**Install Nvidia Llamma SDK for Python**

In [64]:
!pip install --upgrade --quiet llama-index-llms-nvidia llama-index-embeddings-nvidia

**Initialize the environment with Nvidia API Key**

In [65]:
import getpass
import os

#del os.environ['NVIDIA_API_KEY']  ## delete key and reset
if os.environ.get("NVIDIA_API_KEY", "").startswith("nvapi-"):
    print("Valid NVIDIA_API_KEY already in environment. Delete to reset")
else:
    nvapi_key = getpass.getpass("NVAPI Key (starts with nvapi-): ")
    assert nvapi_key.startswith(
        "nvapi-"
    ), f"{nvapi_key[:5]}... is not a valid key"
    os.environ["NVIDIA_API_KEY"] = nvapi_key

Valid NVIDIA_API_KEY already in environment. Delete to reset


**Trying out the Nvidia Foundational AI API Endpoint**

In [66]:
# Import the OpenAI module from the openai package
from openai import OpenAI

# Create an instance of the OpenAI client, configuring it to interact with NVIDIA's API
client = OpenAI(
  base_url = "https://integrate.api.nvidia.com/v1",  # Set the base URL for NVIDIA's API
  api_key = nvapi_key
)

def ask_question(user_input):
  # Create a chat completion request using the specified model and parameters
  chat_response = client.chat.completions.create(
  model="meta/llama3-8b-instruct",  # Specify the model to use for generating the completion
  messages=[{"role":"user","content":user_input}],  # Provide the prompt to the model
  temperature=0.5,  # Set the temperature for the generation to control randomness (0.5 is moderate)
  top_p=1,  # Use nucleus sampling with top-p set to 1, meaning no filtering by cumulative probability
  max_tokens=1024,  # Limit the response to a maximum of 1024 tokens
  stream=False  # Enable streaming to receive the response in chunks
  )
  return chat_response.choices[0].message.content  # Extract and return the generated response text

completion = ask_question("what's the current exchange rate of USD to SGD?")

print(completion)

The current exchange rate of USD to SGD (United States Dollar to Singapore Dollar) can fluctuate constantly, so I'll provide you with the latest rate as of my knowledge cutoff. Please note that exchange rates may change rapidly and may not reflect the current rate.

As of [insert current date], the exchange rate is approximately:

1 USD = 1.37 SGD

Please note that this rate is subject to change and may not reflect the current rate.
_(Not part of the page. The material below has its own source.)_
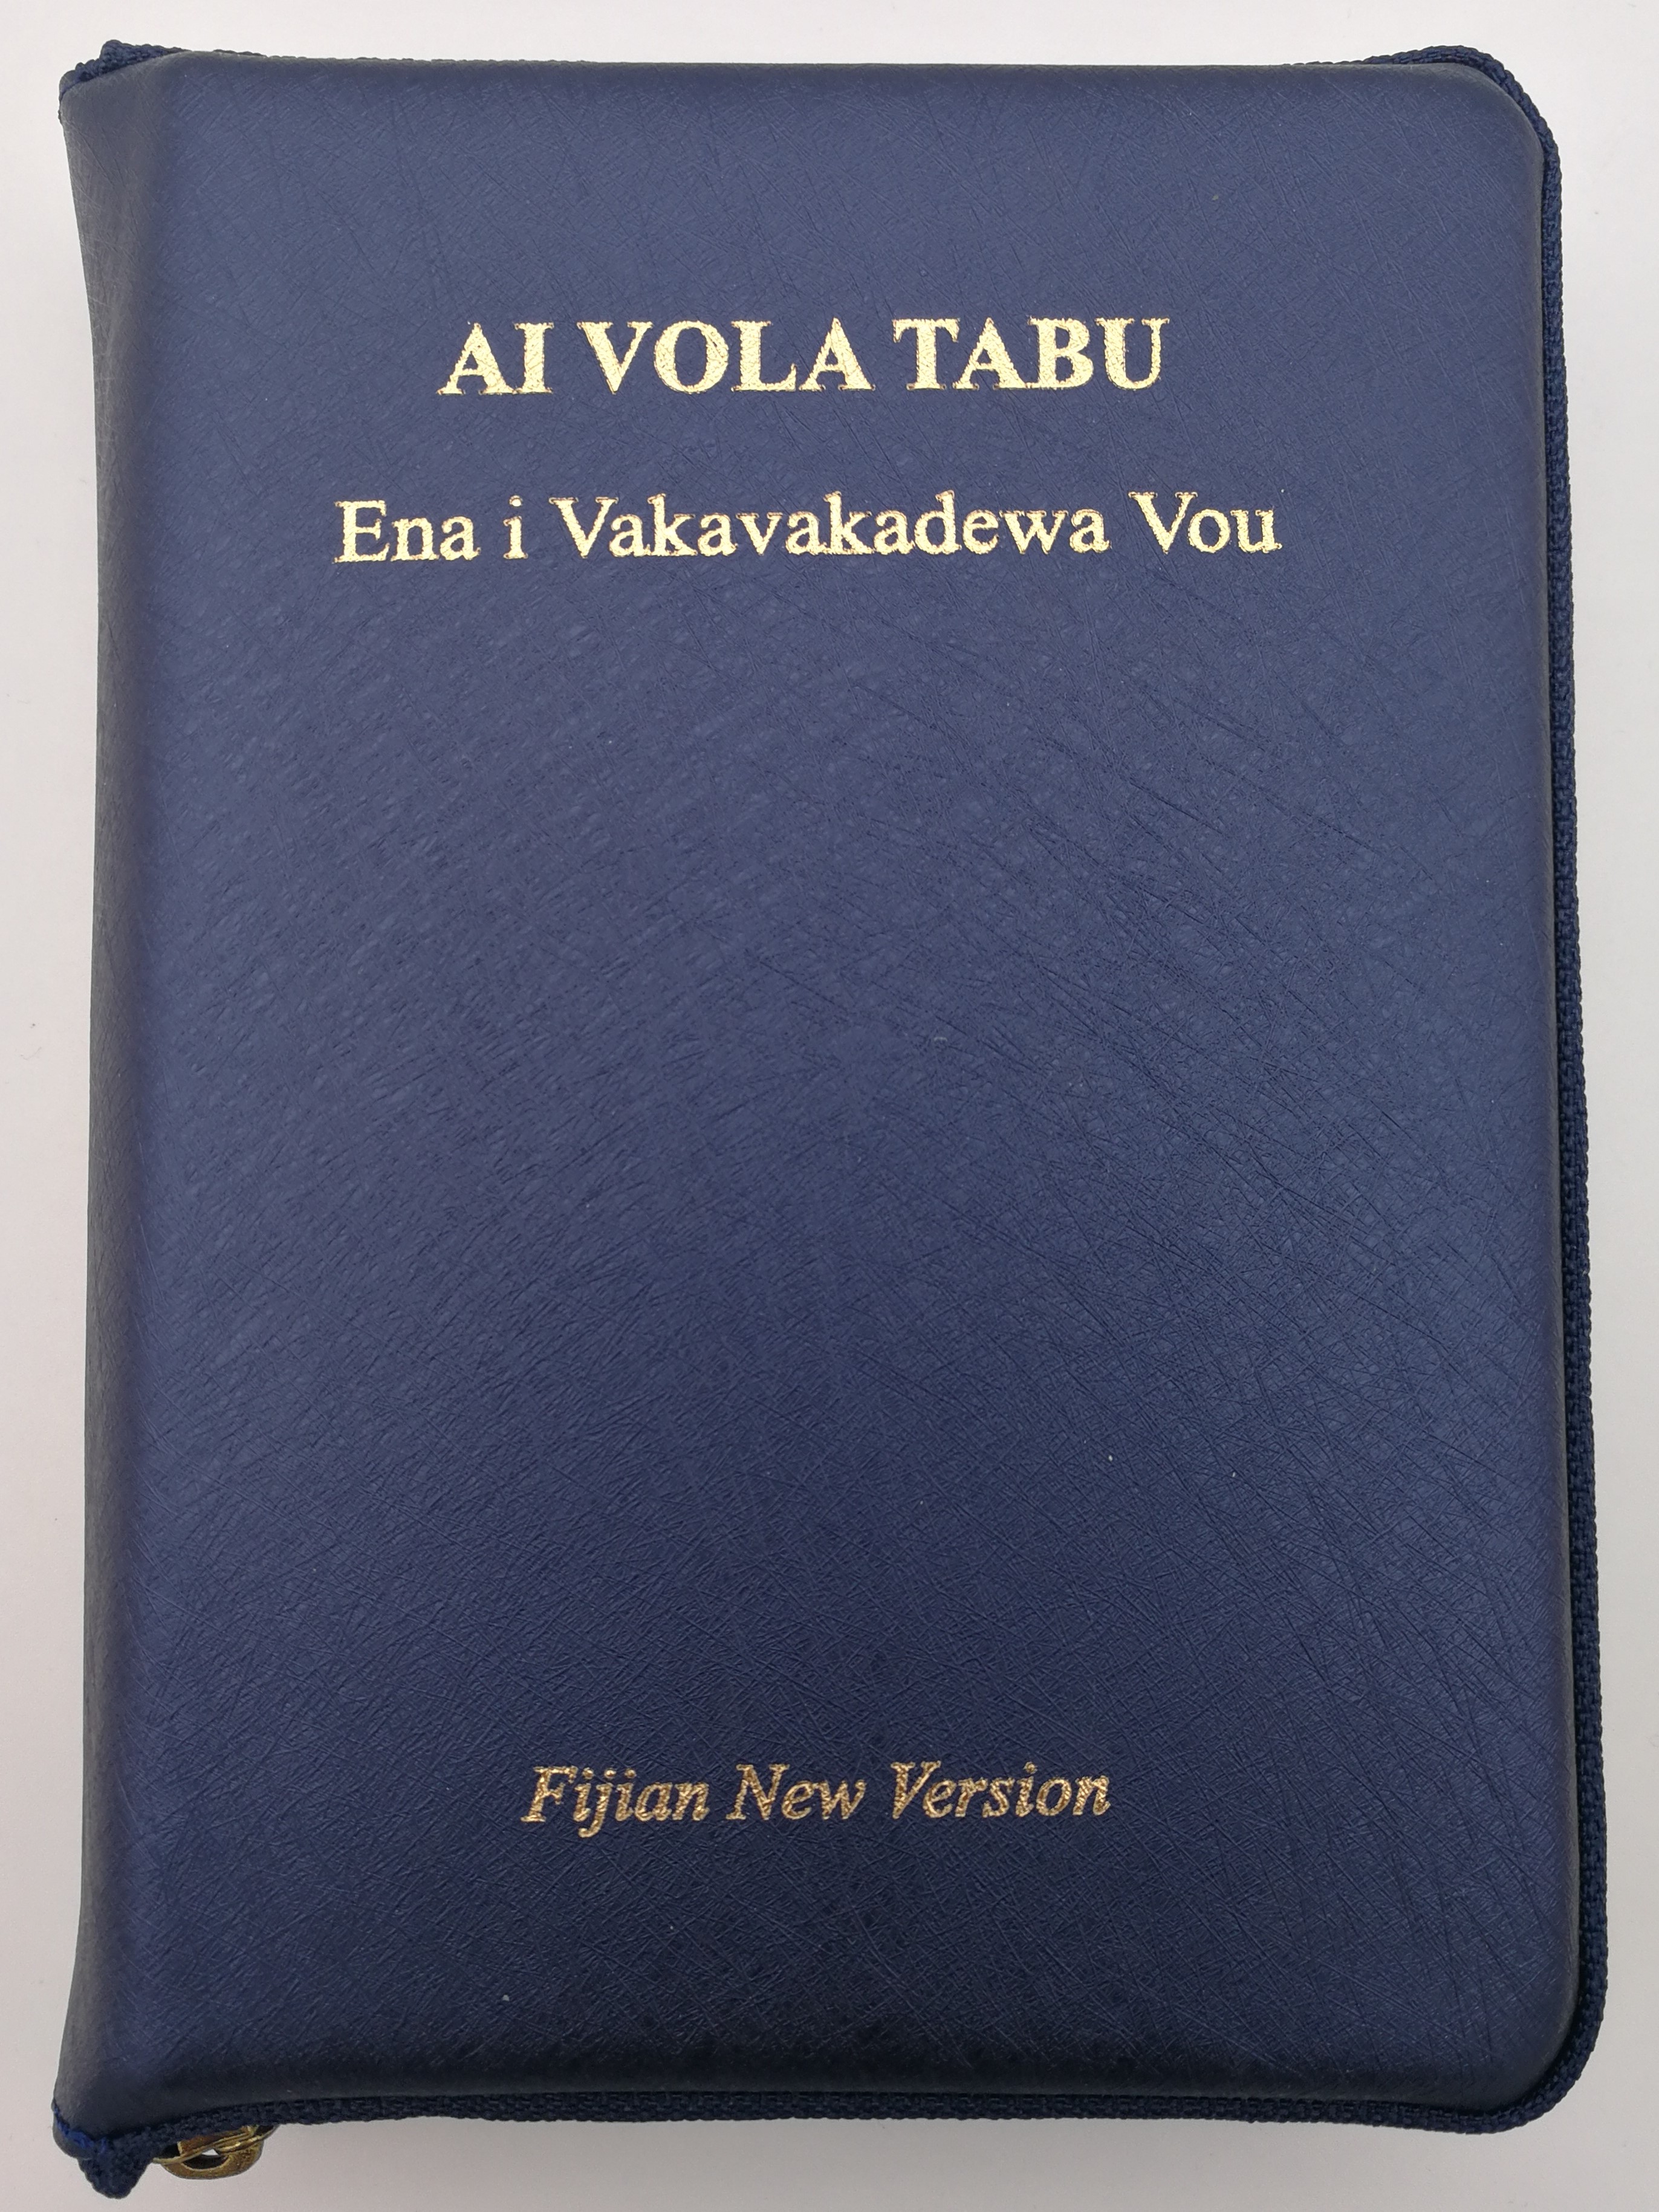 fijian-new-version-holy-bible-ai-vola-tabu-1.jpg

I recommend checking with a reliable currency conversion website or a financial institution for the most up-to-date exchange rate.

Here are some reliable sources to check the current exchange rate:

1. XE.com: A popular online currency conversion website that provides real-time exchange rates.
2. Google Currency Converter: A built-in currency converter in Google search that provides real-time exchange rates.
3. Singapore Exchange (SGX): The official website of the Singapore Exchange provides exchange rates for various currencies, including USD to SGD.
4. Y

**Improving the LLM**

Here, we try out Nvidia's API for llama AI model and to ensure we can access NVIDIA AI Foundation Endpoints through the OpenAI package. We can seamlessly leverage NVIDIA’s AI capabilities and integrate into our chat later on.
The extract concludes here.